» Activity
I need the lines below from the one with "USC president Carol" down to the one with "DIY Succulent Projects" reproduced exactly, both ends included, and nothing else.

» Available records
Content starts

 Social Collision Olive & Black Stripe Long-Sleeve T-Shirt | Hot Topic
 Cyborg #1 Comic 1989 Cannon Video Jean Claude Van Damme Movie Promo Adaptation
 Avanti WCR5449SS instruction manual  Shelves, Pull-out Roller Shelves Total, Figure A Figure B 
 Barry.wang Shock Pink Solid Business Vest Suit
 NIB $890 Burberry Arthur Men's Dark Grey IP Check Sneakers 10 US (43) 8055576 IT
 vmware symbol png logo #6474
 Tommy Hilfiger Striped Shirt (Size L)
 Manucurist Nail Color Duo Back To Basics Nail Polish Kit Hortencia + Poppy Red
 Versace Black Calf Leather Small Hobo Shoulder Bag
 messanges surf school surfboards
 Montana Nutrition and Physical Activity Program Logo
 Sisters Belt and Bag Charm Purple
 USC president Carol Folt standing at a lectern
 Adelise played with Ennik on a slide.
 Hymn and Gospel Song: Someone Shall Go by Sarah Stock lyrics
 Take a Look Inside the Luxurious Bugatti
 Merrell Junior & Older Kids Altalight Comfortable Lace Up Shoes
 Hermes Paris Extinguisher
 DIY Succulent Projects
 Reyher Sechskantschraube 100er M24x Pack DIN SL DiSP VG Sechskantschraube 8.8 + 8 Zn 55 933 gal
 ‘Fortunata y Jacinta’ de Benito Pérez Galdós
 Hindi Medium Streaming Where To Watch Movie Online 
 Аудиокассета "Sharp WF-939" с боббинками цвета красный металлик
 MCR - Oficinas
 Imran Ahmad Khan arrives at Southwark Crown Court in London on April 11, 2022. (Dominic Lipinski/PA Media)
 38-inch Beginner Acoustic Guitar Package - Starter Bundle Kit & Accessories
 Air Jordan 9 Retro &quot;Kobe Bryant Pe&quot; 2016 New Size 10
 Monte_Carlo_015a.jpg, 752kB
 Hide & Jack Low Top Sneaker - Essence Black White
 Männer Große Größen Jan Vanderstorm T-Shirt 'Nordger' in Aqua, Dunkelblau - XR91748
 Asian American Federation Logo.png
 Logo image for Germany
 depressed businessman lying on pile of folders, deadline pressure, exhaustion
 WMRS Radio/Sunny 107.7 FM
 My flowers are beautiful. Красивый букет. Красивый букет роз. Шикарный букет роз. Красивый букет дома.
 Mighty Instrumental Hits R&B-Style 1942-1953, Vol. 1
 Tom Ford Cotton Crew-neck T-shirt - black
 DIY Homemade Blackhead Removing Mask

Content ends

» Answer box
 USC president Carol Folt standing at a lectern
 Adelise played with Ennik on a slide.
 Hymn and Gospel Song: Someone Shall Go by Sarah Stock lyrics
 Take a Look Inside the Luxurious Bugatti
 Merrell Junior & Older Kids Altalight Comfortable Lace Up Shoes
 Hermes Paris Extinguisher
 DIY Succulent Projects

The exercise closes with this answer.